高橋)そもそも議論をしていないのです。「非核三原則」ならぬ「非核五原則」で、「つくらず、持たず、持ち込ませず」以外に、「考えてはいけない、言ってはいけない」ということで大変ですよね。核共有について、かつてのヨーロッパのような古いタイプの議論をしていると言う人もいるのですが、そのような議論すら、いまはありません。「核兵器を共同運用する」ということはコアなコンセプトなのですが、日本国内で意見交換をしていないので、「古いかどうか」という議論すらできません。もしアメリカに言っても、「日本国内で全然議論をしていないのに、誰が代表として来ることができるのか」と言われたらアウトです。

飯田)まずは国内で議論しなければいけませんね。

高橋)どのような答えになるかわかりませんが、議論しなければ始まりませんよね。そのための議論も封じられています。

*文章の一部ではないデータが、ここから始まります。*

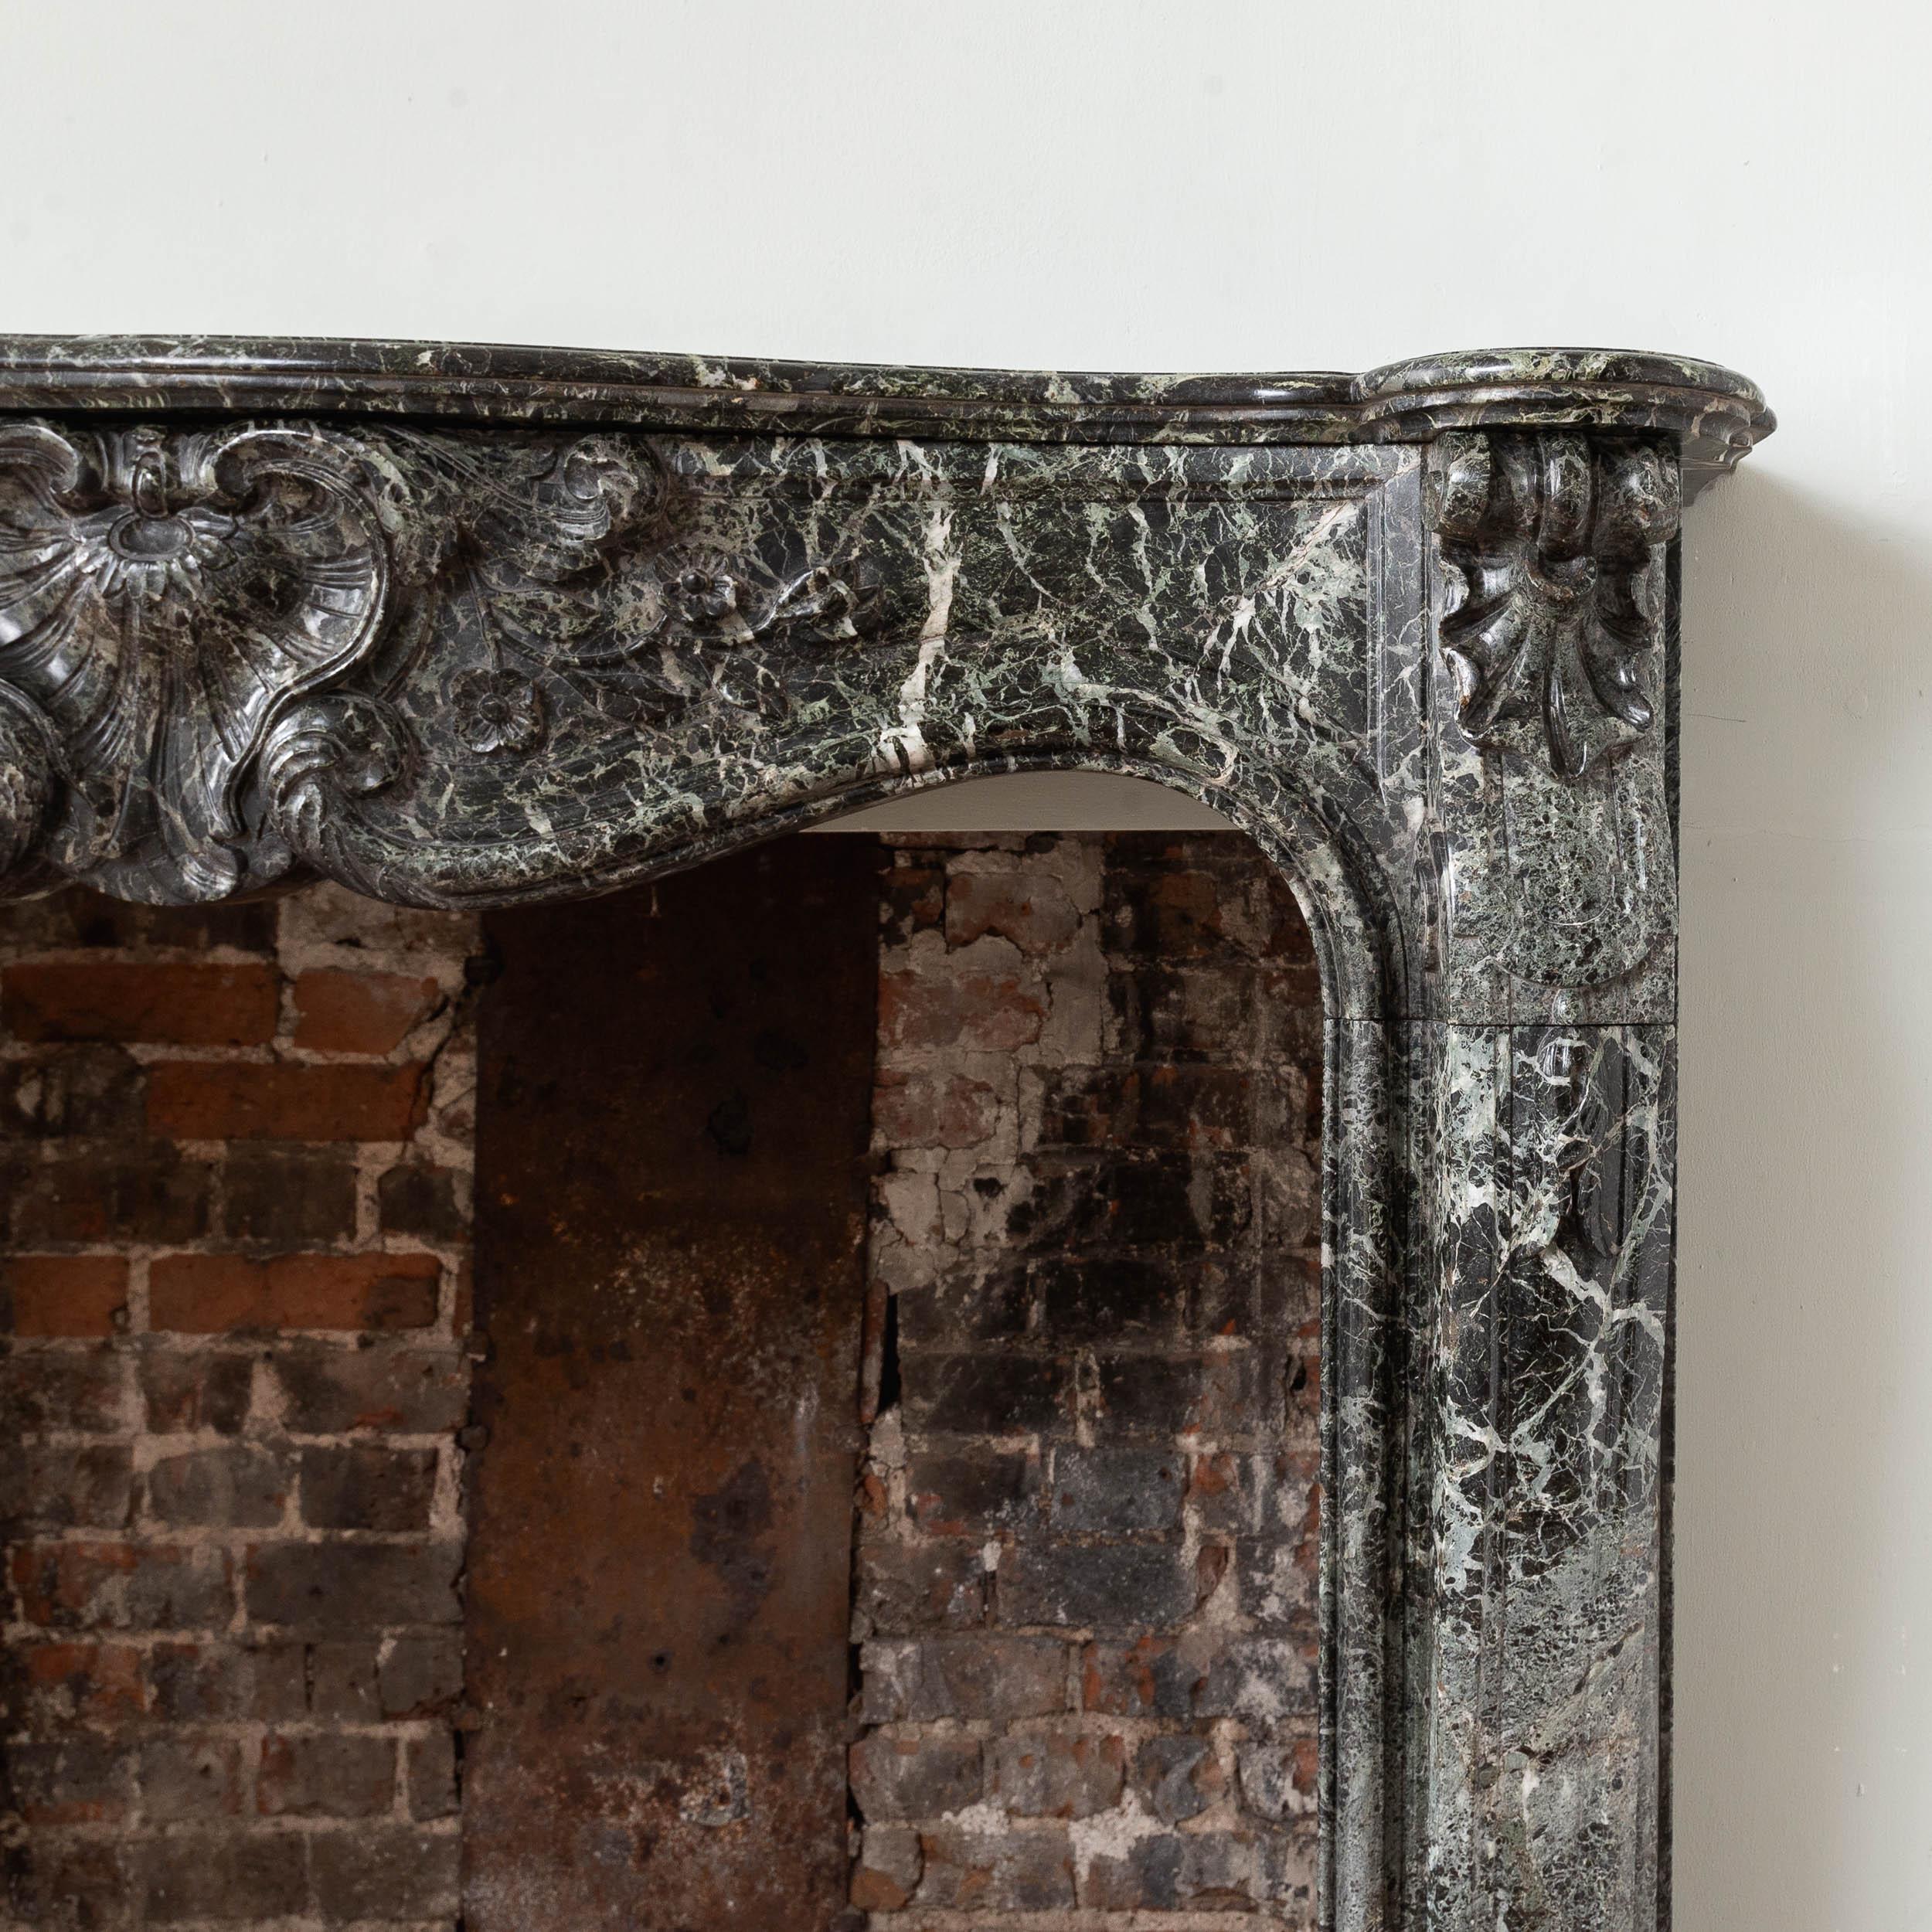 A Nineteenth century Verde Tinos fireplace, French or Italian, the frieze centred with cartouche and trails of flowers carved in relief, raised on scrolled jambs.

Dimensions:
120cm (47¼

「被爆国だからこそ核を持つのだ」というロジックで言えることはできる

飯田)核共有をするとなると、いままで被爆国だと言っていたけれど、今度は撃つ覚悟を我々が持つ必要があるかも知れません。

高橋)「被爆国だから嫌だ」というロジックで言えることはできます。「やられないために持つのだ」と。もうあのようなことは嫌だ、あなたたちは1回もやられたことがないでしょうと。我々はわかるのです、だから、撃たせないためにも持つのですと。